Friday 110218

Morning Only:
1A. On the Minute (CFFootball)
Perform 2 Power Snatches on the minute for 15 minutes
Rx'd - 154#/109#

Rest 2 minutes

2A. Pull ups &Wall Sits
For time:
100 Pull ups (40-30-20-10)
Wall Sit Hold, 300 seconds (120-90-60-30)
Can't do less than what's listed in parenthesis before having to move on to next exercise but can do more. Guys cannot use butterfly but ladies may. Wall sit minimums must be unbroken.

Rest 2 minutes

3A. Mid-Line Stabilization
For time and sets:
65 Glute-Ham Sit ups
(Score is time plus fewest sets)

Post results to comments.

Coach Rip doing what he does best.

8 comments:

JonD said...

1A.
All 30 completed, started to feel easier as the workout progressed.

2A.
12:30ish not sure. Pull ups felt good.
Kipping Pull ups
40 (15-10-8-7)
30 (10-6-7-4-3)
20 (10-5-5)
10 (5-3-2)
Wall Sits (BOO)
90 seconds or so and then finished the rest
unbroken throughout 90-60-30

3A.
? time
15-15-10-10-8-7

Jon

Shelley said...

1A: Used 99#; missed once so only got 29

2A: 13:42, followed the set scheme as written; broke pullups up a lot throughout; never did more than 6 in a row; wall sits were tougher than I expected

3A: untimed; broke up 35,15 and 15; definitely felt it in quads more after changing technique after first round so as not to hurt my back

Unknown said...

1a. Missed my second snatch at the very beginning of the work out. I was able to complete the rest of them. I agree with Jon, as the work out progressed and I started thinking less, the weight went up easier.

1b. I believe 10:41 based on Dustin's timing.

1c. 3min and something. not quite sure.

Addi said...

1A: 30 completed... my right knee was a little funny getting set up, but it calmed down eventually.

1B: 14:57 - Pullups felt good. Several sets of ten, and I threw in some butterfly here and there for the practice. Wall sits were pure torture. 120 and 90 were hell, and most certainly NOT unbroken. Lots of falling and cramping and wanting to cry. 60 and 30 were unbroken and felt a LOT better once I figured out how to relax into it.

1C: 4:49 in 4 sets (25, 20, 15, 10) I had planned to do it in 3, but my lower back had other ideas. Still, these are a weakness for me, so I'm happy with those.

Holy quads. So excited for the rest days.

Stacie said...

1A:
30 @ 109# - Agree with y'all, got easier as we went.

1B:
11:?? - Combination between butterfly and kipping, sets of 10 the entire 100. Not satisfied with this. And my hands hurt.

1C:
Shared my machine with Neil, no time. Did 3 sets: 20, 25, 20. Other than my shoes nearly falling off every 8 reps or so... these felt really good. I'm sure that will be a different story in 48 hours. :)

Tovar said...

1A. Started with 154lbs but missed 4 attempts in the first two minutes. Dropped to 132lbs and didn't miss for a long time so eventually worked my way back up to 147lbs. I sucked at snatch this morning. Need to work on getting full extension.
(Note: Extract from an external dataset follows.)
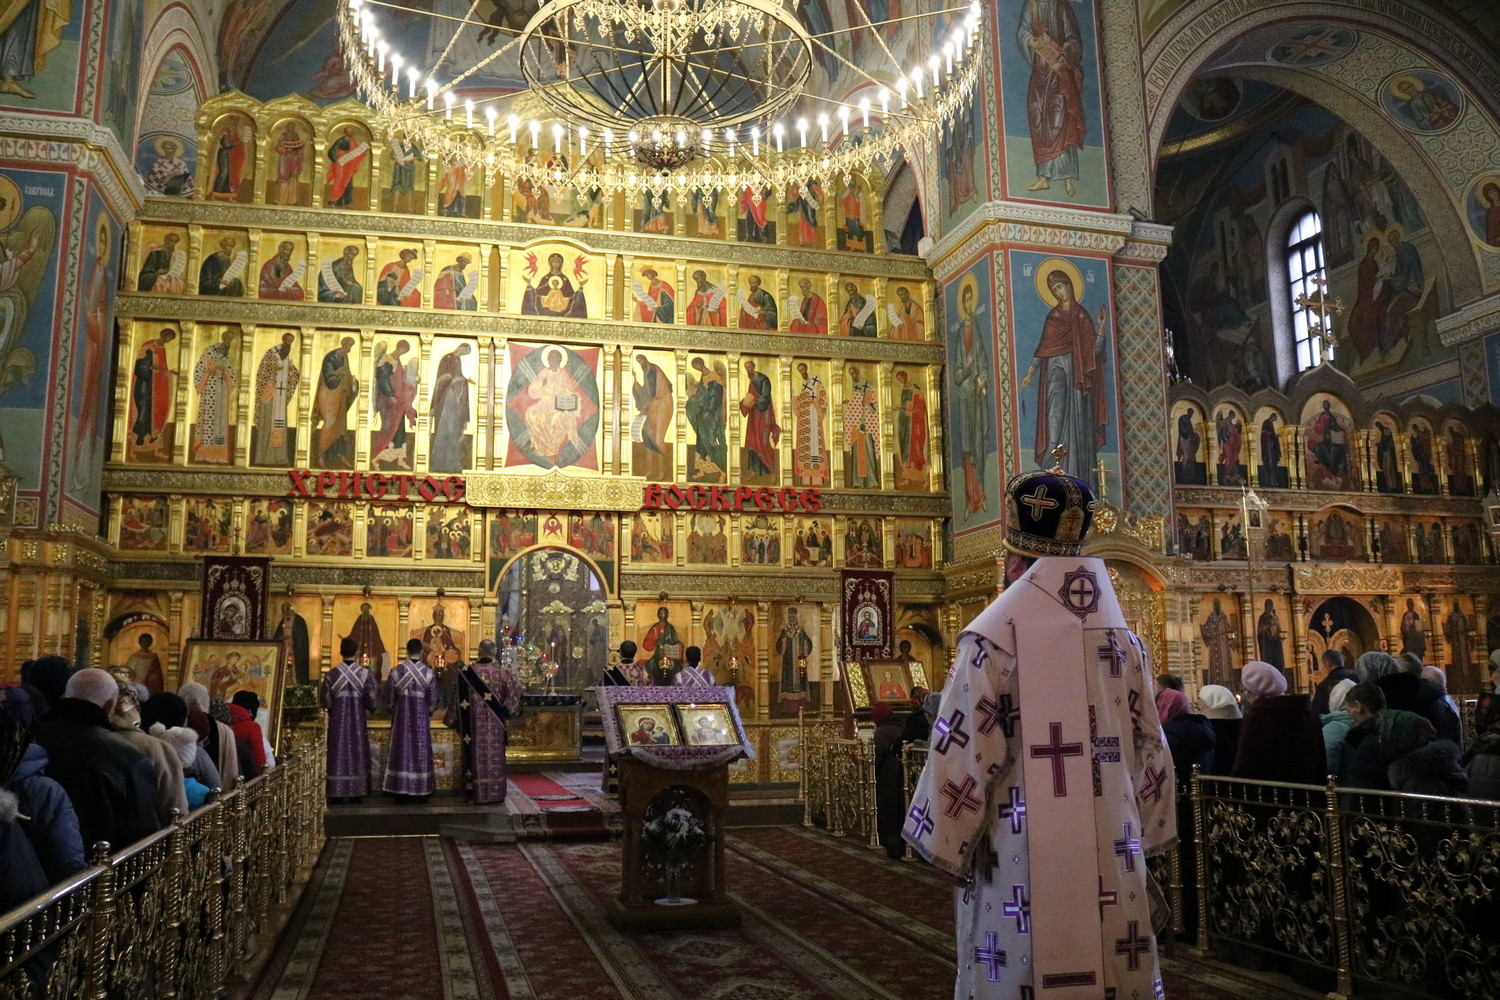 Спасо-Преображенский кафедральный собор Губкин

1B. Completed this in 3 rounds by doing 5 extra reps on the first two sets of pullups(eliminating the last set of 10) and doing 10 extra seconds on the three sets of wall sits (eliminating the last set of 30 secs). Finished in 10:40.

1C. Did this in two sets of 35 and 30. Finished in 3:22.

Joe H said...

1a. The snatch owned me today. I wish I could say that everyday, Kidding. Only did 132 and honestley that is all I could handle. Sick I think..?
2B. 20-15-5,20-10, 10-10, 10. Not bad on the sets but thank God for the hand wraps. No idea on time but just behind Neil.
3A. I hate you Glut Ham. My back is not exactly sure what happened so I only did 30 of these. Took forever.

Pingel said...

1A:
30 @ 156# - Sets 2 through 10 felt good but 11-15 were a beast!

1B:
11:51 - Probably was not the best method but just went till I could not go anymore. Next time I think I will take it in sets, got burnt out. Wall sits were killer!

1C:
Really the first time doing this movement, did three sets of 10. My quads were burning so I think I was doing it right.